In order to facilitate a video conferencing session, the conferencing server sends and/or receives video data to or from the user N. In addition, the conferencing server sends and/or receives audio data to or from the user N. Also, the conferencing server sends and/or receives data to or form the user N. In the event that the conferencing server facilitates chat messages (e.g., SMS), the conferencing server sends and/or receives text messages to or from the user N. Moreover, there may be data services and/or configuration communications that likewise are desirable to be transmitted to and from the user N. Unfortunately, each of these communications are typically transmitted and received using different ports on the firewall.
To permit the conferencing server to effectively communicate with the user N (and other users) the video packets, and/or audio packets, and/or chat packets, and/or data services, and/or configuration communication (or other types of data), the conferencing server packets all of the data packets to be transmitted and received over port 80, namely, within the type of packets used for Internet based web browsing. The user N transmits and receives packets over port 80 by having a program installed on the local computer, a program operating in a browser environment such as a JAVA program, or otherwise any program which transmits and receives the packets over port 80. The packets are then processed to obtain the video data, and/or the audio data, and/or the chat data, and/or any other data being received in order to render the video streams, audio streams, data, and/or data services to the user N.

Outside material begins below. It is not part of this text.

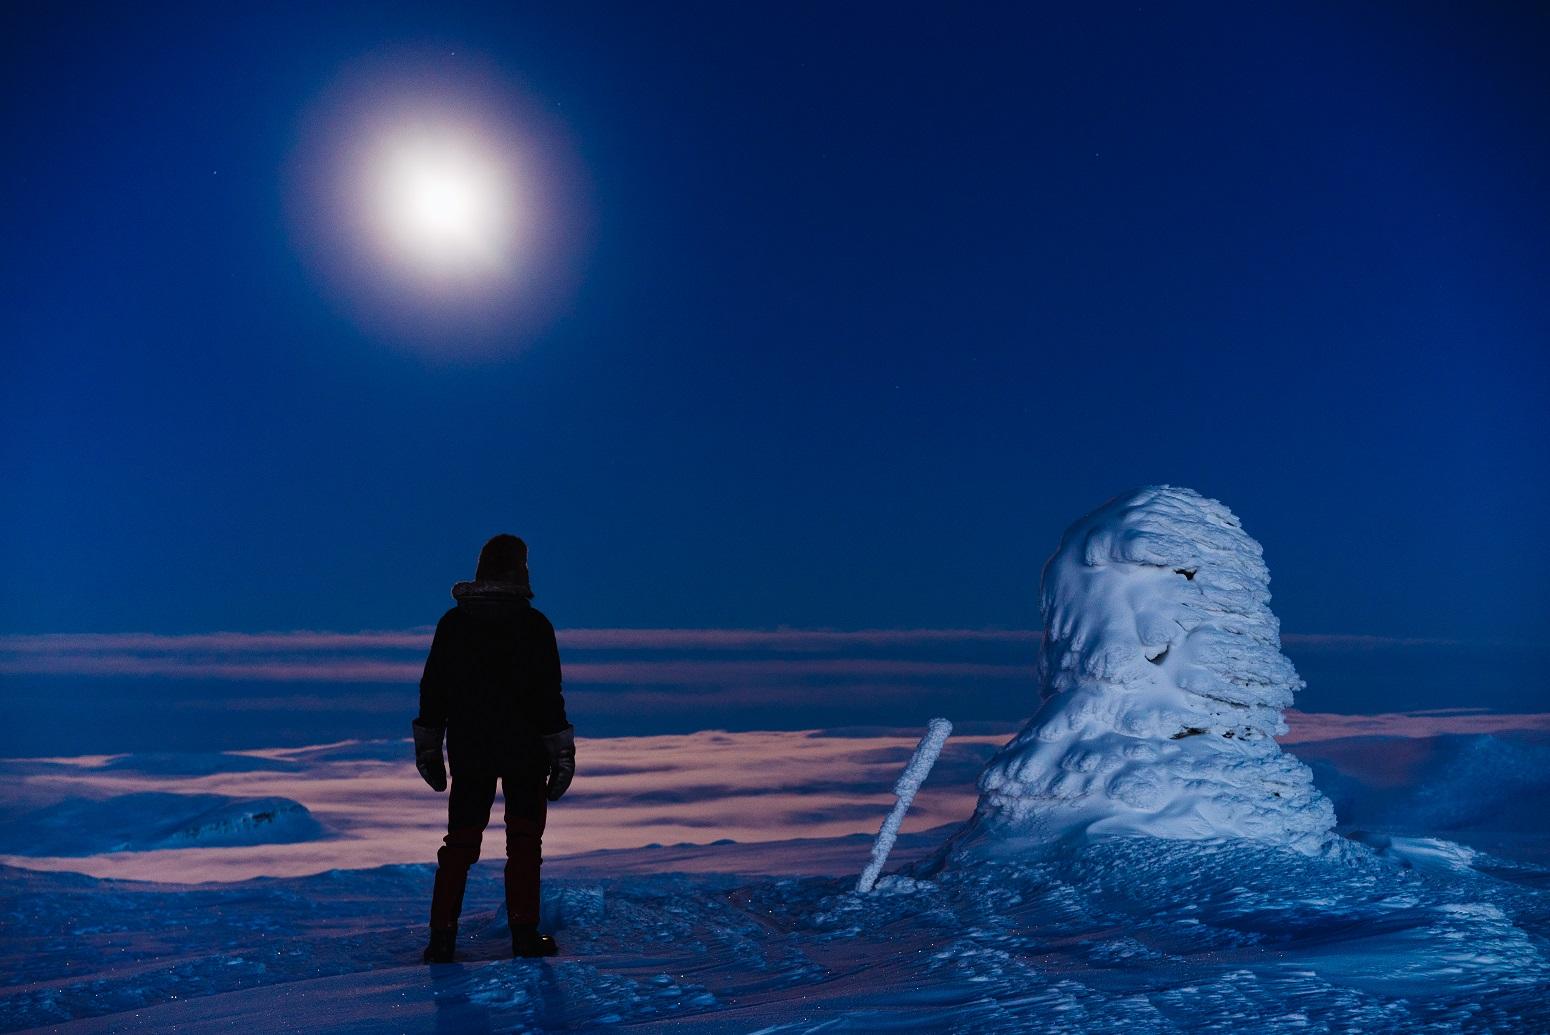 laponia auroras boreales elfos duendes santa claus
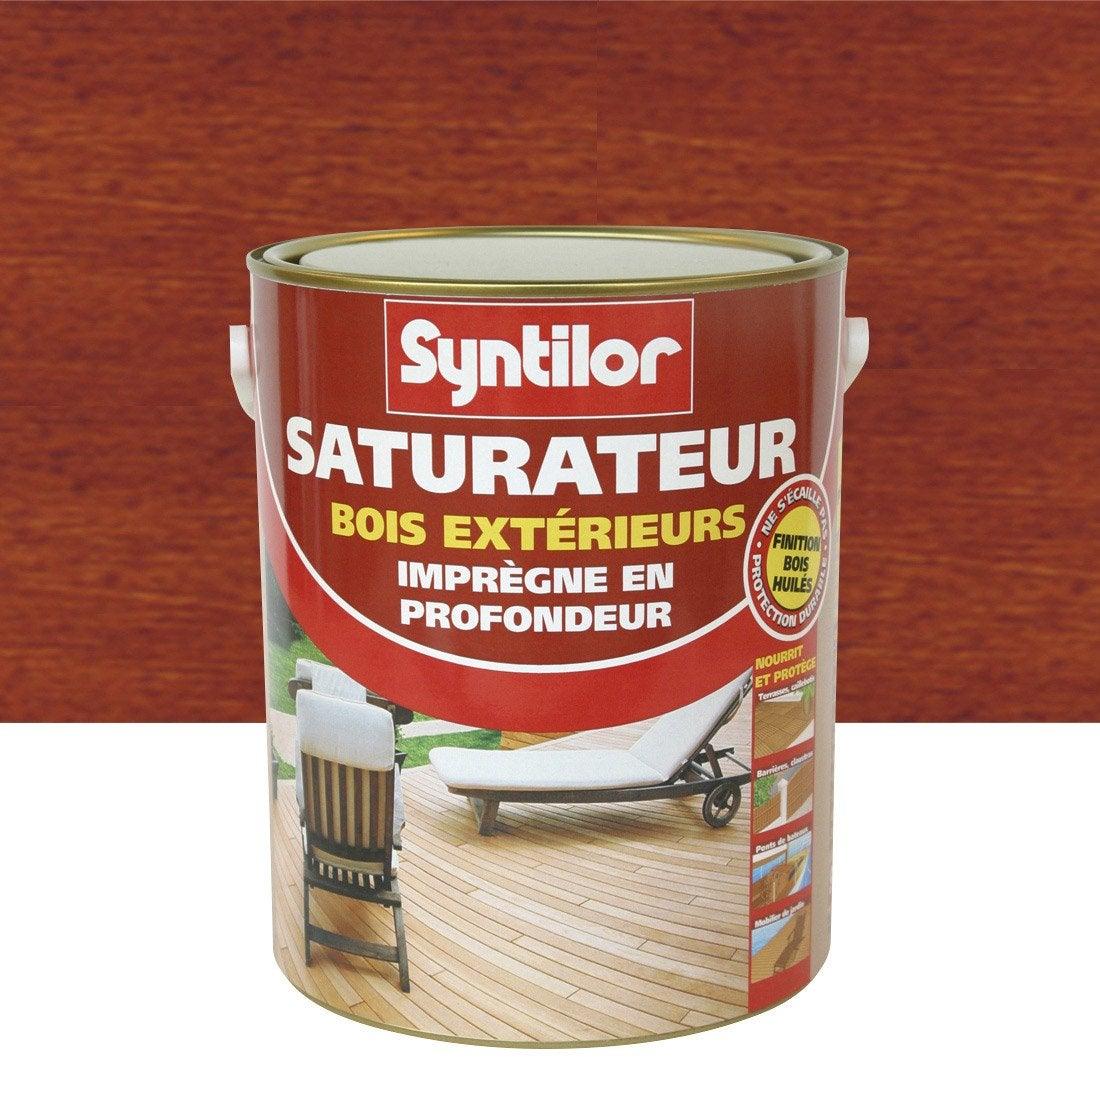 Saturateur bois SYNTILOR, bois exotique, aspect mat, 25 L  Leroy

Similarly, to permit the user N to effectively communicate with the conferencing server(s) the video packets, and/or audio packets, and/or chat packets, and/or data services, and/or configuration communication, the packets are all provided in data packets over port 80. The data packets are then processed to obtain the video data, and/or audio data, and/or chat data, and/or any other data being received.
The conferencing server has a routing table that defines the users that should receive the audio/video/data/chat/desktop/etc. feeds, as illustrated in FIG. 3. The data may be for which services the conferencing server will accept from a user and which serves the conferencing server will provide to a user. Also, the routing table indicates the conferences to which the data streams should be provided to by the server. For example, the data feeds from users B, C, U, and V should be shared among one another for an audio conference.